Судья: Он просил Вас дать их ему?

Хейфец: Нет, я увидел по глазам, что ему интересно, и дал.

Судья: Вы что, имеете медицинское образование?

Хейфец: Нет, но это та сфера, которая меня интересует, как писателя (называет две свои напечатанные статьи).

Судья: Как же Вы, не зная медицины, пишете на эти темы?

Хейфец: Я беру в соавторы врачей, беру у них интервью.

Судья: Это что же, плагиат выходит? Присваиваете их труды?

Хейфец — объясняет еще раз, подробнее, что такое интервью.

Судья: Значит, пользуетесь данными людей знающих. (Обращаясь к Загребе) Слышали показания Хейфеца? Все правильно?

Загреба: Абсолютно.

Судья: Знакомились ли с материалами в папке?

Загреба: Первый же из них показался мне настолько омерзительным…

Заседатель: Это было действительно антисоветский материал?

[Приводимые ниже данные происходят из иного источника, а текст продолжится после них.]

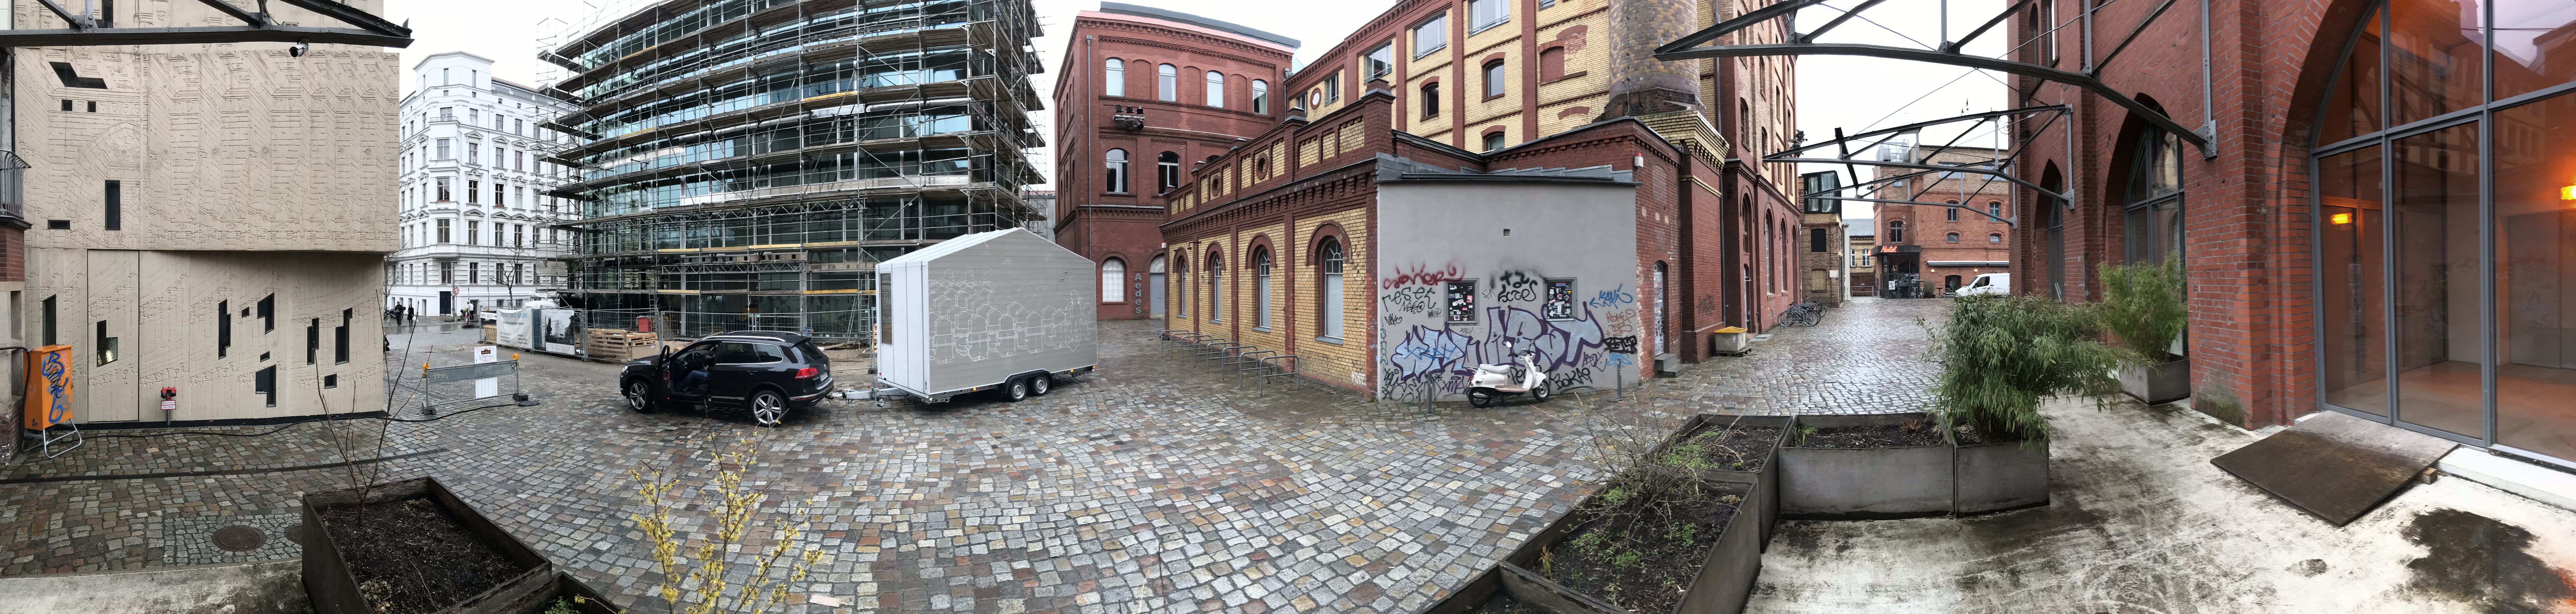 Tiny House Berlin

Загреба: Да, это было письмо в ЦК КПСС трех авторов, антисемитский и антисоветский документ.

Прокурор: Знакомились ли со статьей «Иосиф Бродский и наше поколение»?

Загреба: Да, одним глазком проглядел, будучи у моих друзей, живущих в одном доме с Хейфецем.

Прокурор (Хейфецу): Не могли бы Вы все же более вразумительно (Вы извините меня) объяснить, почему Вы дали эти материалы Загребе?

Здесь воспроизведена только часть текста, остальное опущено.